Thursday, December 31, 2015

2015 in Review

I wanted to take a few minutes to summarize my year for a few reasons:
  • it was a pretty eventful year that I don’t want to forget
  • many people have asked me about it
  • most importantly, I’d love to reconnect with people I haven’t been in touch with, and meet like-minded people. So if something in here resonates with you, get in touch!
Here's the summary version:

We got off to a wonderful start with the birth of a baby boy in January. Needless to say, he has been a big part of our days and, more importantly, our nights since then.

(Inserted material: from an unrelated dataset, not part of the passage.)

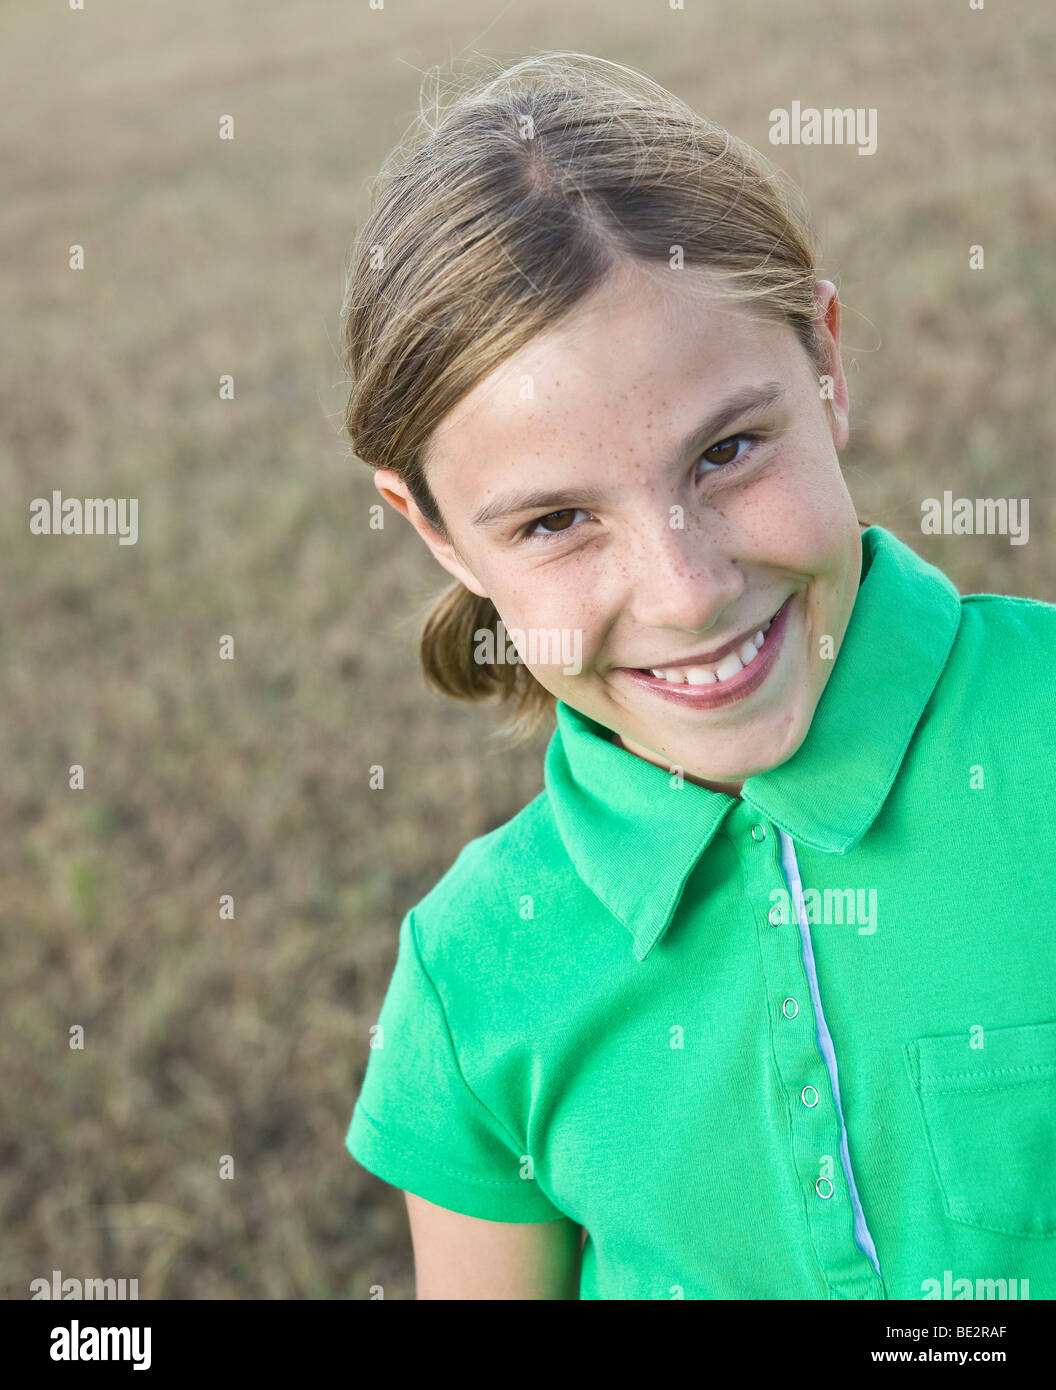 Portrait of a smiling brown-haired girl Stock Photo
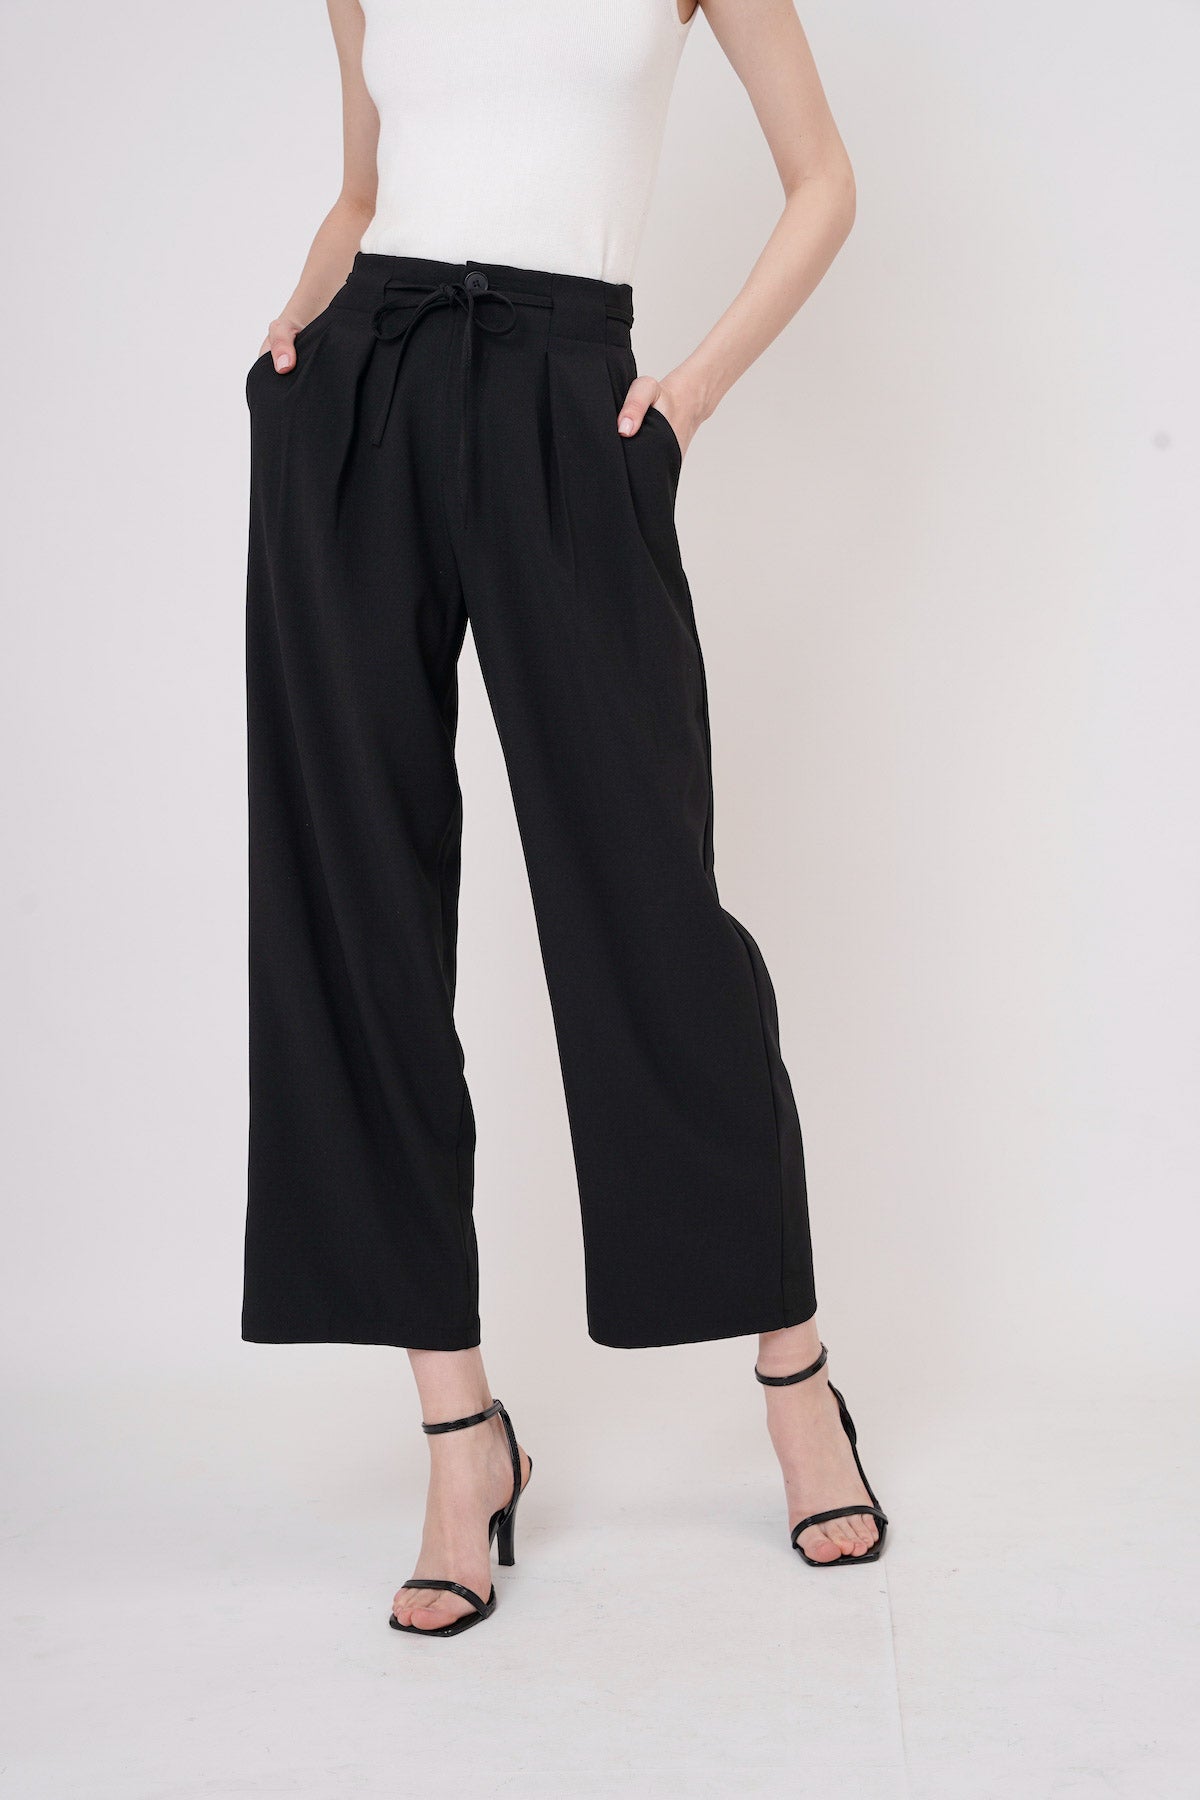 Cooper High-Waist Belted Pants In Black

My wife’s family came to spend time with us after the baby was born, and my sister very sweetly came and spent three weeks of her vacation helping us survive.

I quit my job as a software engineer at google in May with only a fuzzy idea of what I was going to do next. But I’m getting ahead of myself.

We send my daughter to a co-op preschool, where parents are required to work one day a week with the kids in addition to a parents-only class about once a week. My wife had been doing that the past few years, but I took over as work parent for 6 months from January to June. It was an amazing experience to see her interacting with her friends and learning and growing over time. I also developed tremendous empathy for primary caregivers (mostly moms) and had my own tiny experience of parenting trauma.

Two recent obsessions of mine came together this year also. I’ve been following the Tiny House movement from afar - enamored by the idea of choosing to live simply. I’ve spoken to several friends who report a sense of freedom and lightness that comes with discarding possessions. Separately, ever since I was a kid, I wanted to go on an RV trip. About four years ago I almost bought a VW westy but decided against it for various reasons. Well in March we rented one for a weekend. It was meant to be a father-daughter trip but my wife was feeling up to it even though our son was just 8 weeks old. Before we got to the campsite, she told me that she was falling in love with it. So two days after getting back from the trip, I bought one. I love the VW more than other campers because of how small, yet how efficient and spacious it is. It isn’t much bigger than a regular minivan yet it has two double beds, a two-burner stove, a fridge, and plenty of storage. And of course, it is such an iconic vehicle.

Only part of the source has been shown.